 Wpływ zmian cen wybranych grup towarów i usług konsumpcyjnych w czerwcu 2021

--

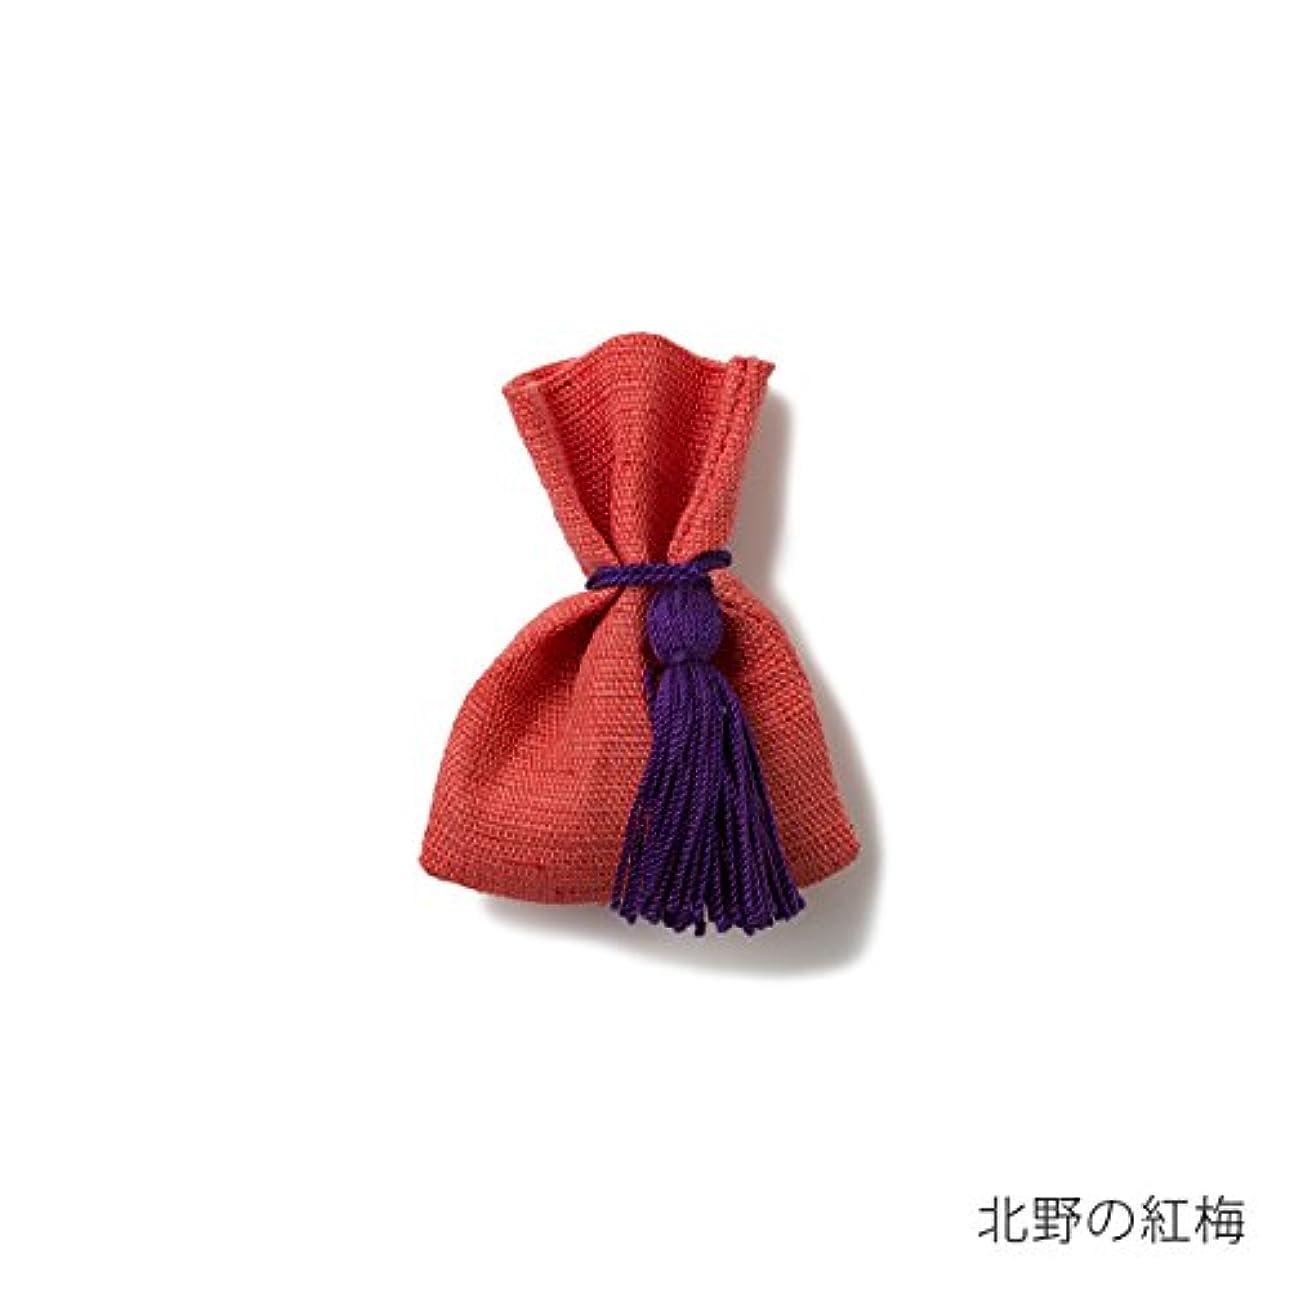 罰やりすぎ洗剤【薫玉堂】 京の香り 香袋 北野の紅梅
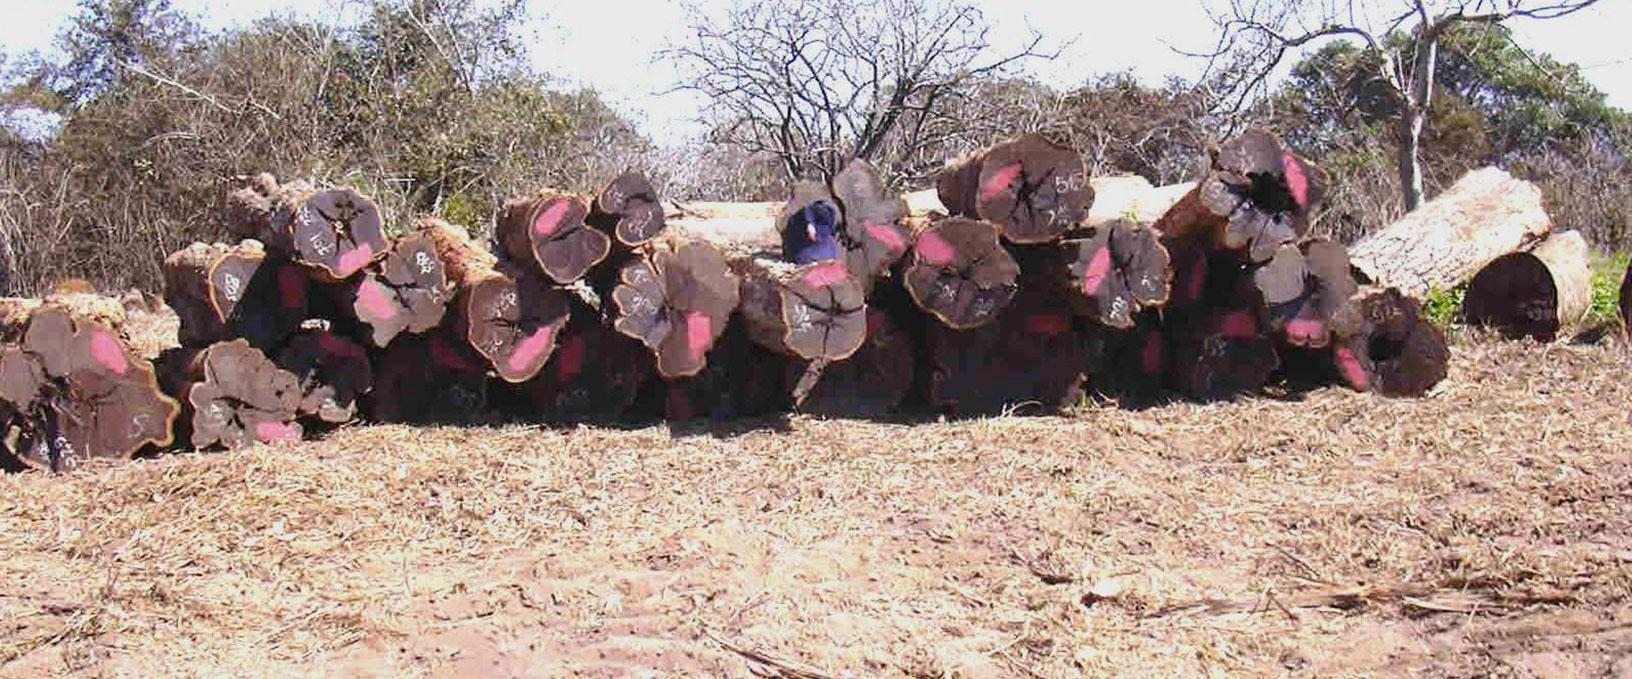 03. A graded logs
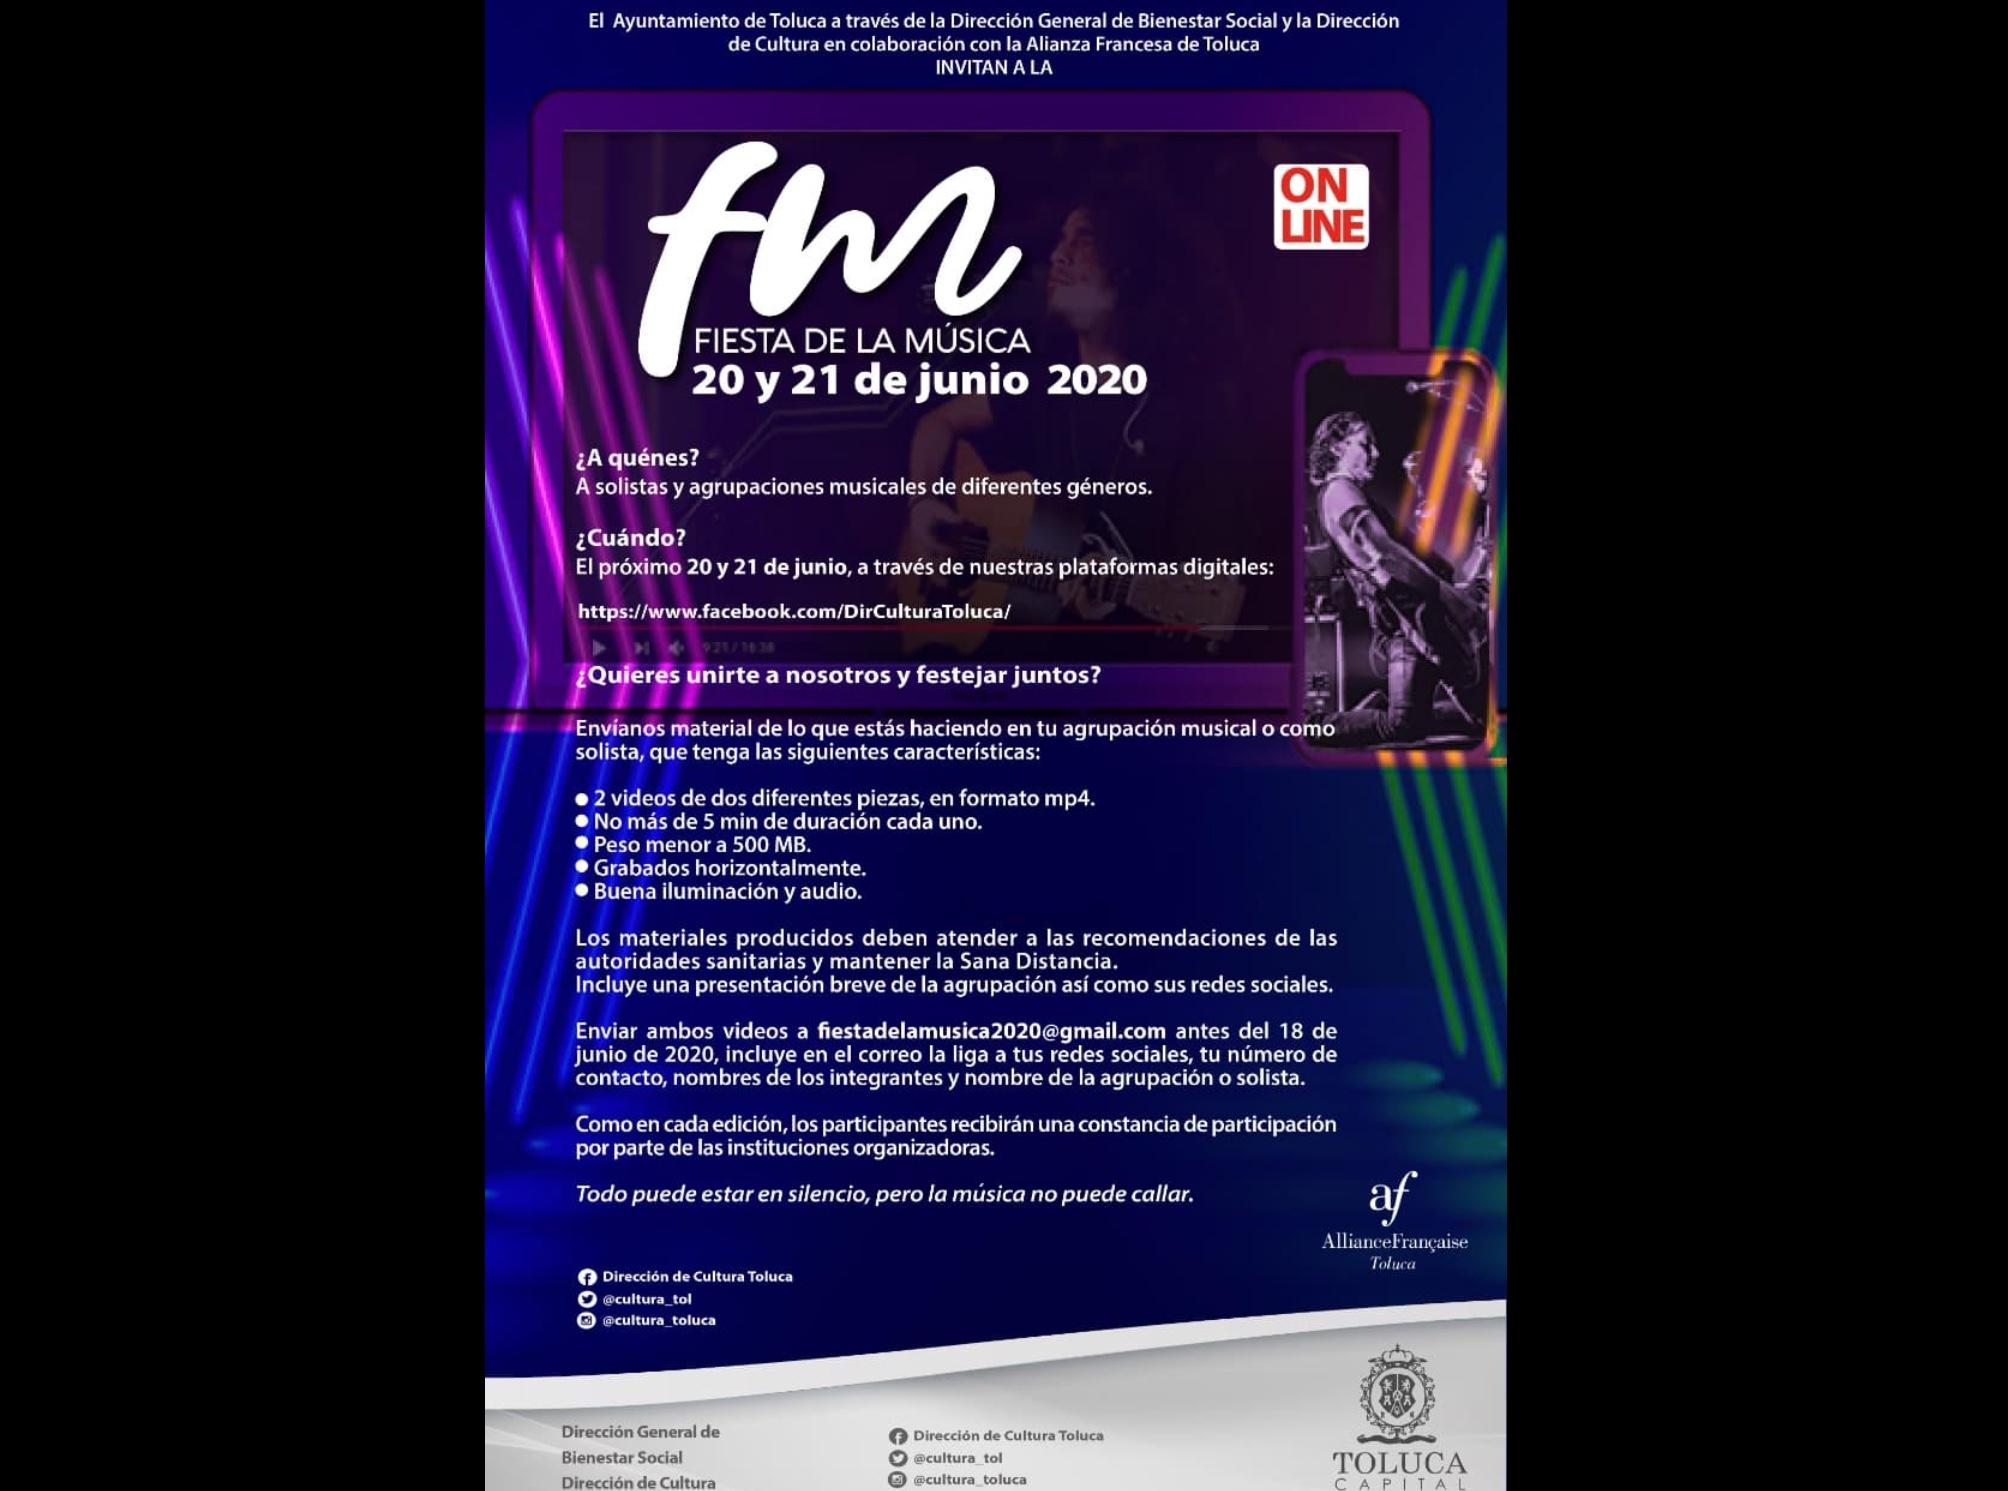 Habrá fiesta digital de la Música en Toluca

Aim of the exercise:
Begin at the line in the entries above that has "03. A graded logs", stop after the line that has "Habrá fiesta digital de la Música en Toluca", and output exactly those lines without pictures.

Response to the task:
 03. A graded logs
 Habrá fiesta digital de la Música en Toluca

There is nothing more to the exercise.